You can find spectral data for Daclatasvir here:
http://orgspectroscopyint.blogspot.com.au/2015/07/daclatasvir.html
1H NMR (400 MHz, DMSO-έfc, 80 0C): 8.02 (d, J=8.34 Hz, 4 H), 7.97 (s, 2 H), 7.86 (d, J=8.34 Hz, 4 H), 6.75 (s, 2 H), 5.27 (t, J=6.44 Hz, 2 H), 4.17 (t, J=6.95 Hz, 2 H), 3.97 – 4.11 (m, 2 H), 3.74 – 3.90 (m, 2 H), 3.57 (s, 6 H), 2.32 – 2.46 (m, 2 H), 2.09 – 2.31 (m, 6 H), 1.91 – 2.07 (m, 2 H), 0.88 (d, J=6.57 Hz, 6 H), 0.79 (d, J=6.32 Hz, 6 H);
Putting that in an simplified format (first number is ppm on x axis, second is expected y axis value)
8.02 (4 H),
7.97 (2 H),
7.86 (4 H),
6.75 (2 H),
5.27 (2 H),
4.17 (2 H),
3.97 – 4.11 (2 H),
3.74 – 3.90 (2 H),
3.57 (6 H),
2.32 – 2.46 (2 H),
2.09 – 2.31 (6 H),
1.91 – 2.07 (2 H),
0.88 (6 H),
0.79 (6 H);So if you look at your spectrum you see 12.66 @ around 0.85 ppm – this represents 2 peaks (0.79 & 0.8 merged into one due to instrument power limitations. You can continue on for other peaks, but your spectrum is not great one for teaching NMR basics.
I have attached a pdf showing the impact of concentration on the Daclatasvir spectrum. This was a dilution of exactly the same sample so the only thing different was more solvent. Notice that despite the fact it remained the same API there have been changes to the spectrum.
Attachments:
YMMV
I can confirm we have been in contact. The initial samples got stuck in customs. New samples are due for pickup on Monday. Friday is a holiday. Samples will include DAAs and Ribavirin and we will be testing them before coming to an opinion.
YMMV
You won’t need leave. You will feel better than you have within 7 days of starting treatment, unless you’re F4 and need Riba in which case I withdraw that but do say you will feel much better than if you were having PEG, and should still be able to work but won’t feel 100%
YMMV
- 2 weeks best case
- 3-4 weeks typical case
- 6 weeks worst case (on record)
So taking Emilio as an example. It took 3 days China to Aus and clear of customs, but our worst case was 3 weeks with most of the delay in customs. BTW China has a lot of holidays: http://www.timeanddate.com/holidays/china/
Also with Emilio last week the NMR we use broke when the liquid N2 compressor died. That took a week to fix, so the tests took over a week although 24-48 hours is more typical.

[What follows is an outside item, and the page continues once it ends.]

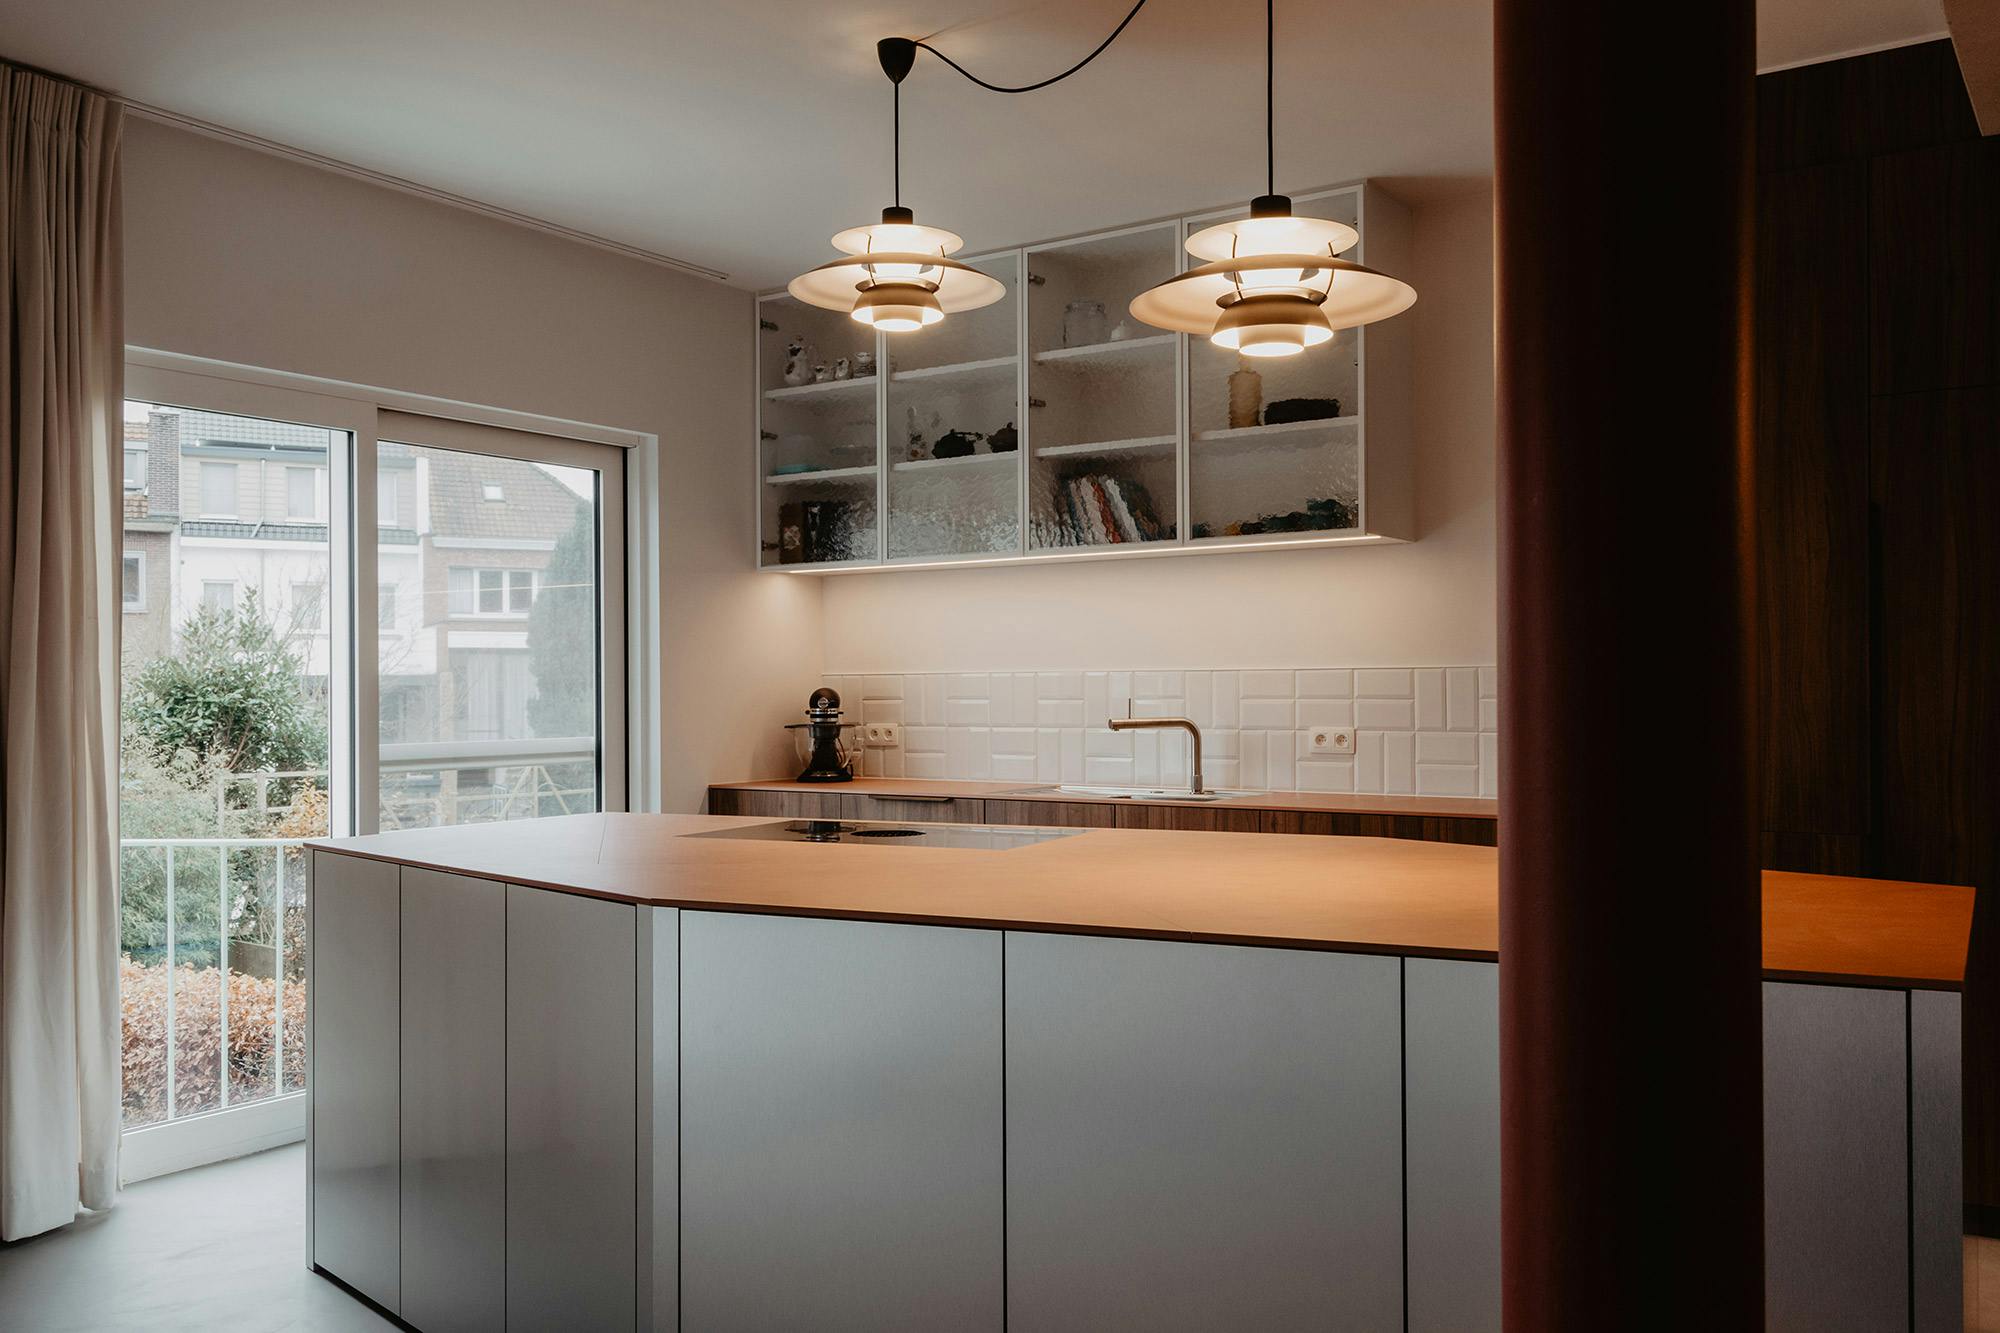 Bildnummer 46 des aktuellen Abschnitts von An open concept kitchen by MS2 Design Studio in a luxury South Beach condo von Cosentino Deutschland

Compounding happens Tuesday and Thursday and Aust post takes 1 day for Express Post to capital cities but longer if you live outside.

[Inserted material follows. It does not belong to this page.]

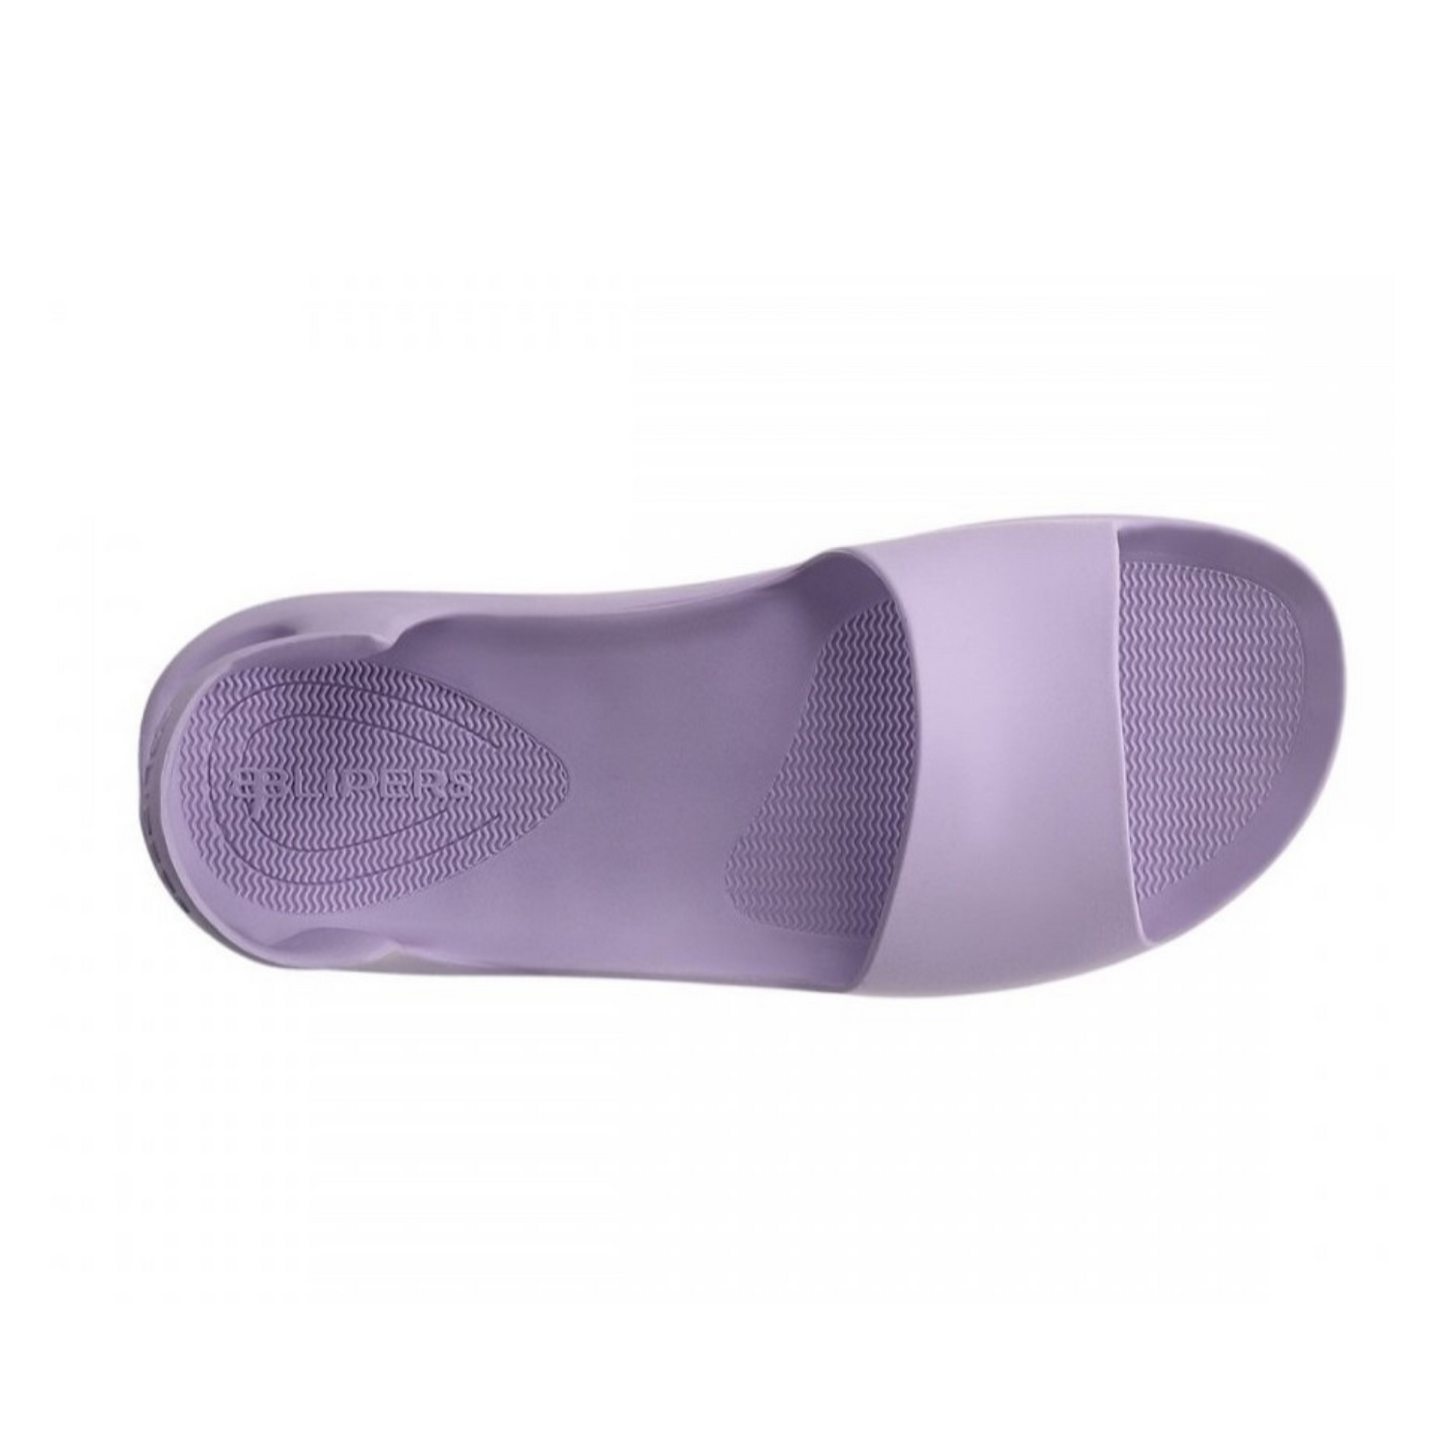 Sandalo Blipers

Unfortunately the personal importation laws mandate that nothing happens until you “pull the trigger” and set up the personal import. After that lots of stuff has to happen to make the medication appear in your mailbox.

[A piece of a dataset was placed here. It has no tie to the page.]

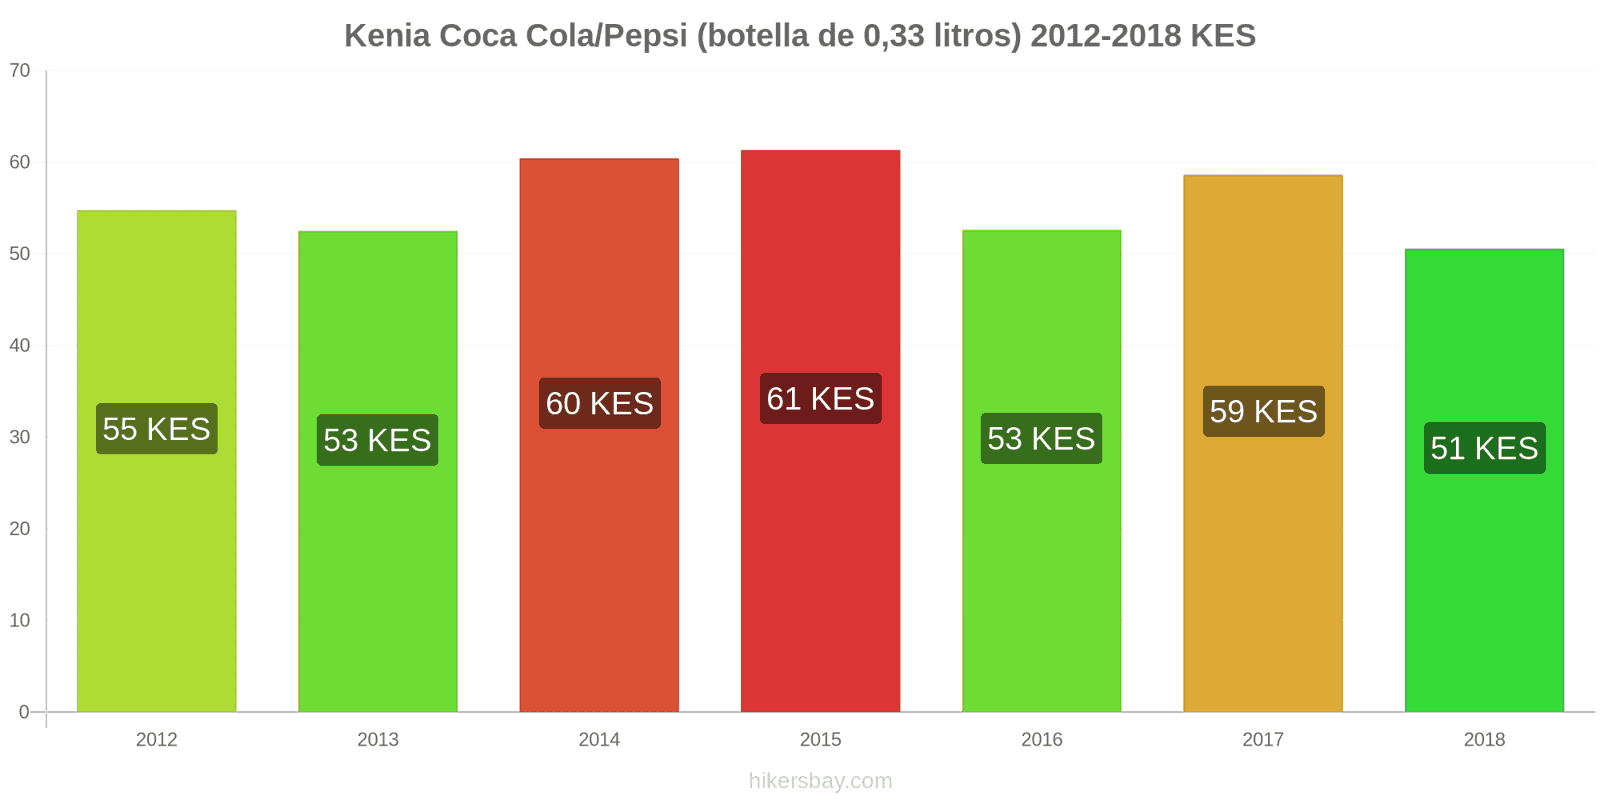 Kenia cambios de precios Coca-Cola/Pepsi (botella de 0.33 litros) hikersbay.com

So for Emilio it was fast to import, slow to test, average to compound.
I’ve looked at the records for Emilio and our first contact (email) was 1 September and medication was to delivered on the 30th.
So 2-6 weeks, average 3-4 weeks is the reality.
YMMV
Pop in again tomorrow afternoon when I get back from this wedding and I will route you through an availability zone with the right contact on your way home. You should be able to pick up in transit and I will be able to confirm the manufacturer is good by the time you get home.